How to calculate the errors of single and double precision

1.6k Views Asked by At

We consider the initial value problem

$$\left\{\begin{matrix} y'=y &, 0 \leq t \leq 1 \\ y(0)=1 & \end{matrix}\right.$$

We apply the Euler method with $h=\frac{1}{N}$ and huge number of steps $N$ in order to calculate the approximation $y^N$ of the value of the solution $y$ at $t^N, \ y(t^N)=y(1)=e$. At the following table there are, for all $N$, the errors $|\epsilon^N|=|e-y^N|$, when the calculations are done with single and double precision.

$$\begin{matrix} N & |\epsilon^N|\text{ Single-precision } & |\epsilon^N| \text{ Double-precision } \\ - & - & - \\ 100 & 0.13468 \cdot 10^{-1} & 0.13468 \cdot 10^{-1} \\ 200 & 0.67661 \cdot 10^{-2} & 0.67647 \cdot 10^{-2}\\ 400 & 0.33917 \cdot 10^{-2} & 0.33901 \cdot 10^{-2}\\ 800 & 0.16971 \cdot 10^{-2} & 0.16970 \cdot 10^{-2}\\ 1600 & 0.85568 \cdot 10^{-3} & 0.84898 \cdot 10^{-3} \\ \cdots & & \\ 102400 & 0.65088 \cdot 10^{-4} & 0.13273 \cdot 10^{-4} \\ 204800 & 0.21720 \cdot 10^{-3} & 0.66363 \cdot 10^{-5} \\ 409600 & 0.78464 \cdot 10^{-3} & 0.33181 \cdot 10^{-5} \\ 819200 & 0.20955 \cdot 10^{-2} & 0.16590 \cdot 10^{-5} \\ \dots \end{matrix}$$

We notice that the errors of the calculations of double-precision get approximately half. However, in the case of single-precision, for $N>10^5$ the errors increase!
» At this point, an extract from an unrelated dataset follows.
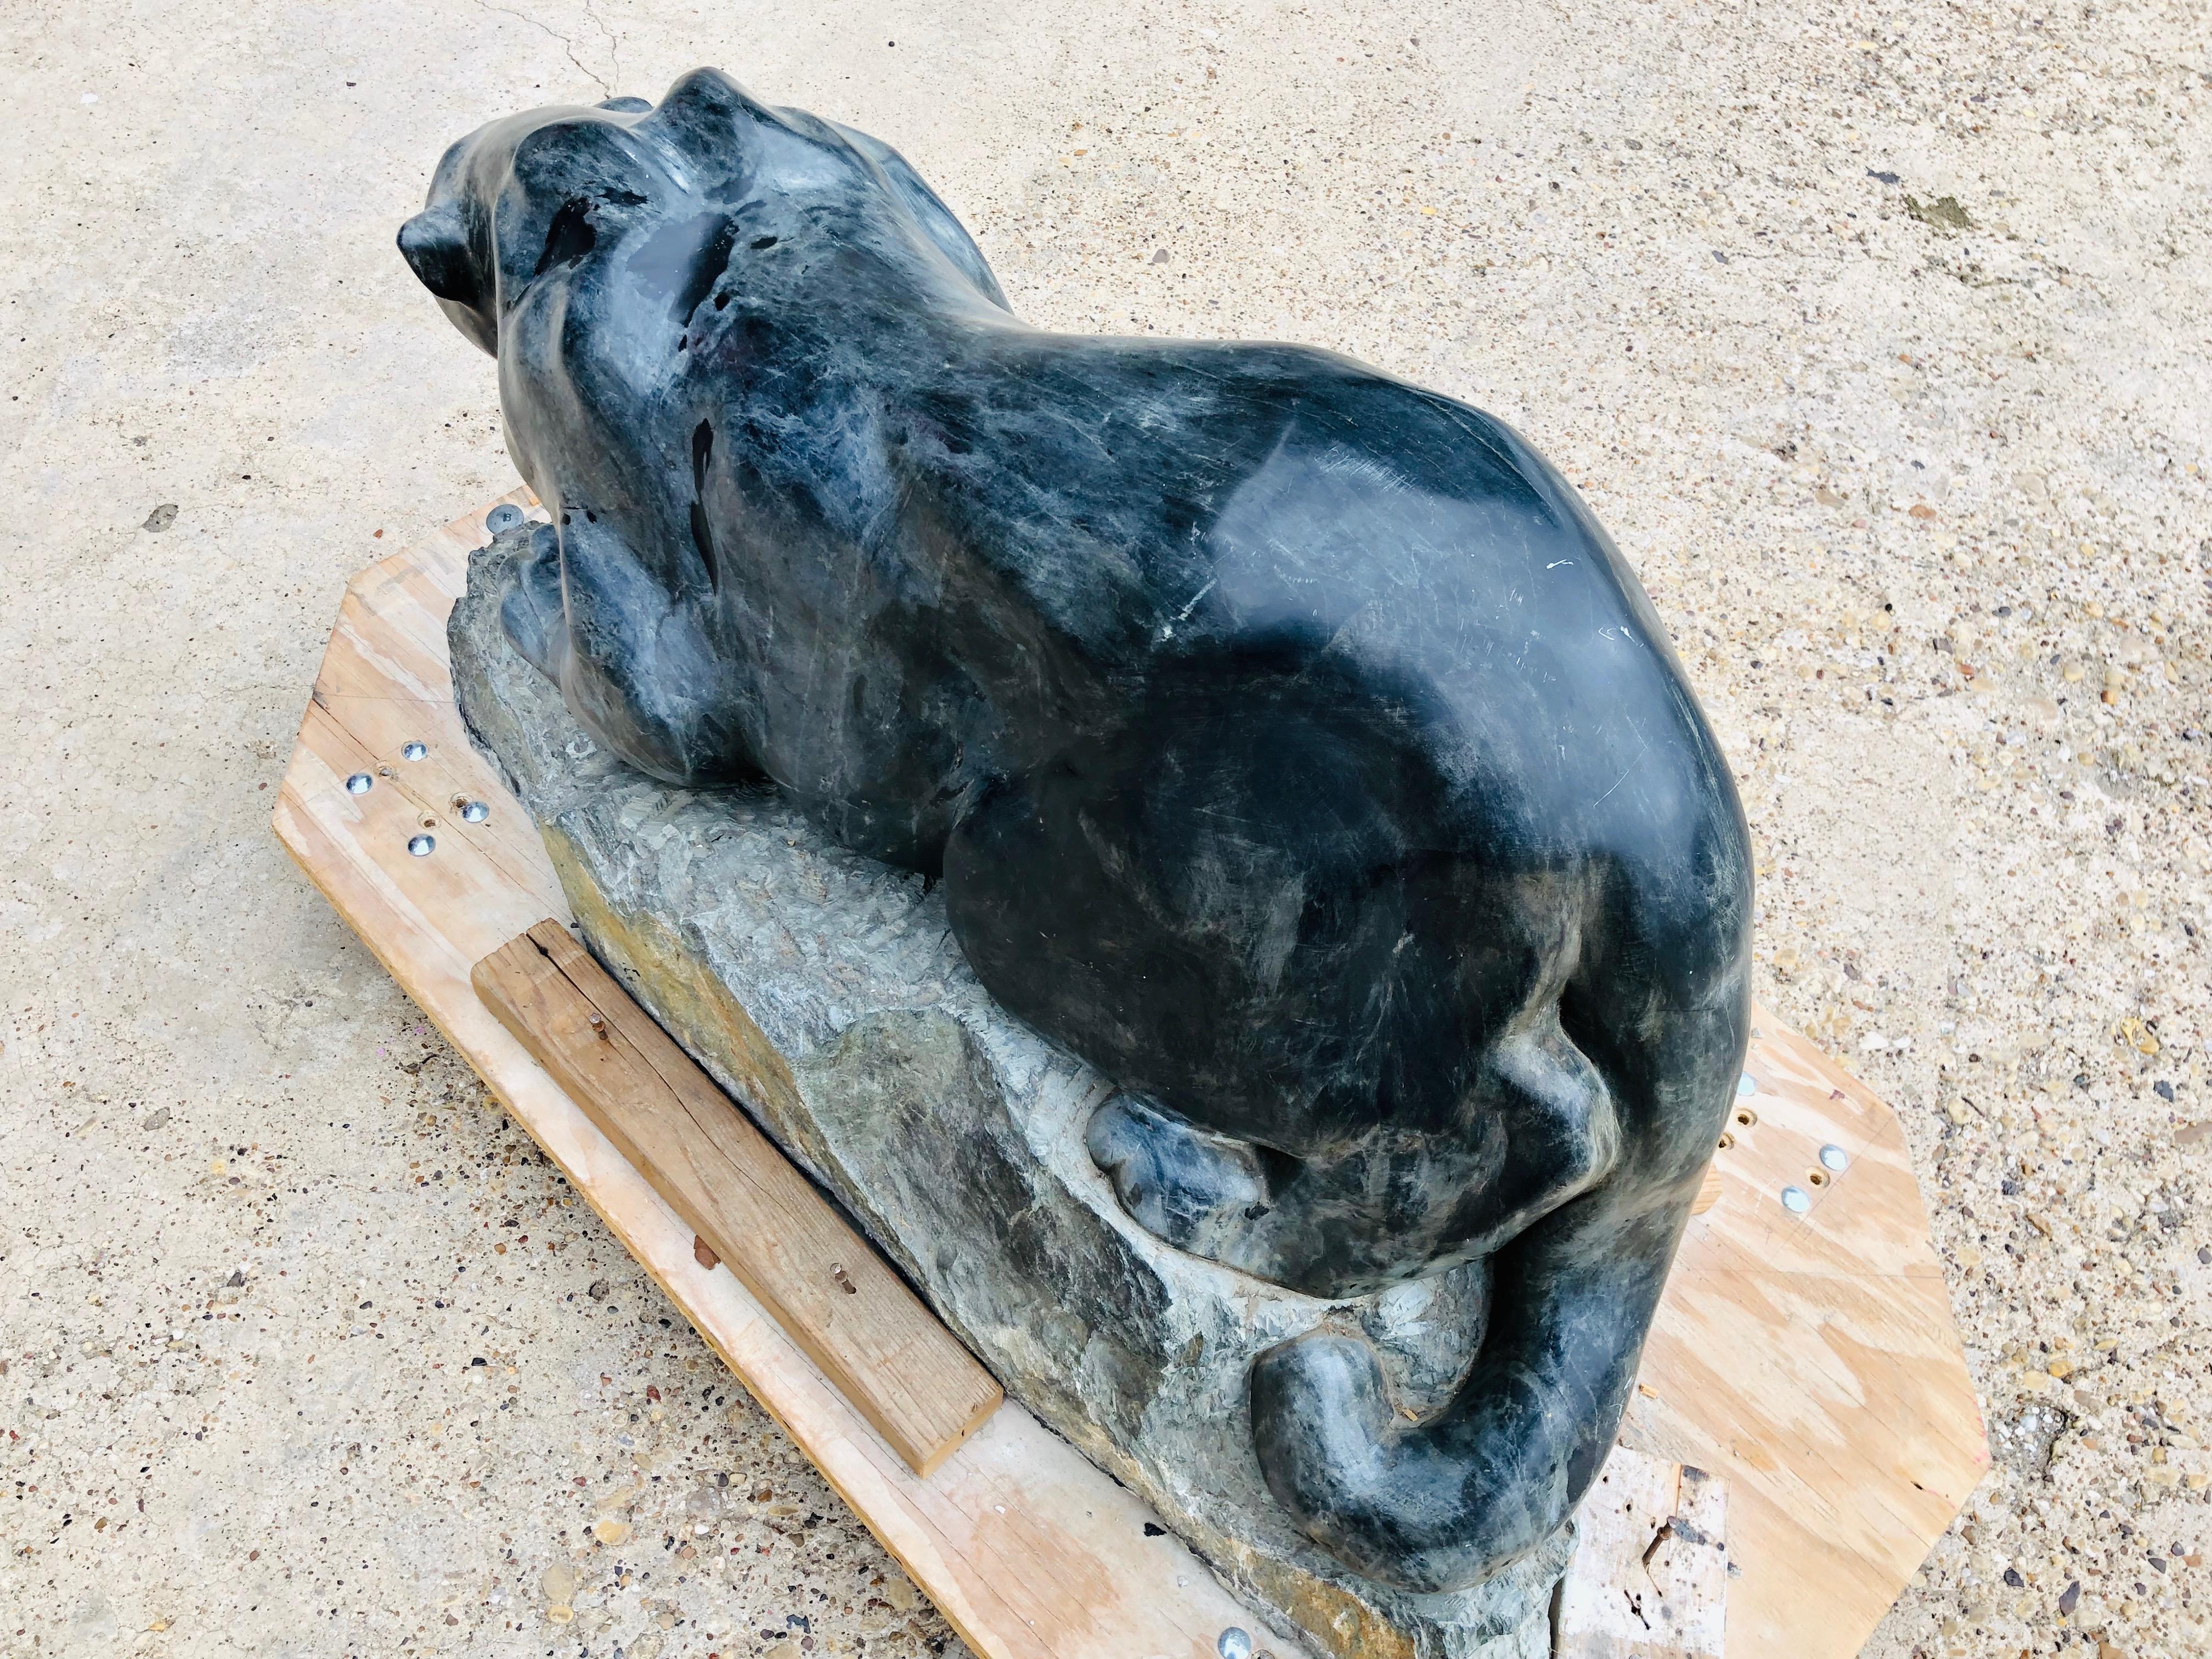 cougar sculpture

Indeed, for a big enough $N$, the errors in our case tend to $1.71828 \dots$.

Could you explain me why the errors, when the calculations are done in single-precision, increase for $N>10^5$ and why they get approximately half when the calculations are done in double-precision?

Also, how can we calculate the error for a given $N$? For example, if we have $N=10^5$ then $\epsilon^N=|e-y^{10^5}|=\left |e- \left( 1+ \frac{1}{10^5} \right)^{10^5} \right |$. How can we calculate the latter, knowing that the zero of the machine is $10^{-6}$ when we have single precision but $10^{-12}$ when we have double precision?

EDIT: It holds that: $$\ln{\left( 1+ \frac{1}{N}\right)}=\sum_{n=1}^{\infty} (-1)^{n+1} \frac{\left( \frac{1}{N}\right)^n}{n}=\frac{1}{N}- \frac{1}{2N^2}+O(N^{-3})$$ Right? If so, then $N \ln{\left( 1+ \frac{1}{N}\right)}=1-\frac{1}{2N}+O(N^{-2})$, right? $$$$ If so, then how can we find the difference of the real solution with the approximation when we take into consideration that we have single precision and how when we take into consideration that we have double precision?

2

There are 2 best solutions below

5
On

When $N$ gets large, the size of each step, and thus the size of the change in function value, gets small. You start out with $y(0)=1$, and then you get $$ y(h)=1+\epsilon $$ and if $\epsilon$ is small enough, the computer won't be able to handle the difference between $1$ and $1+\epsilon$ with very good precision. This is the source of the increasing error. Since double precision handles this problem better, you get less error.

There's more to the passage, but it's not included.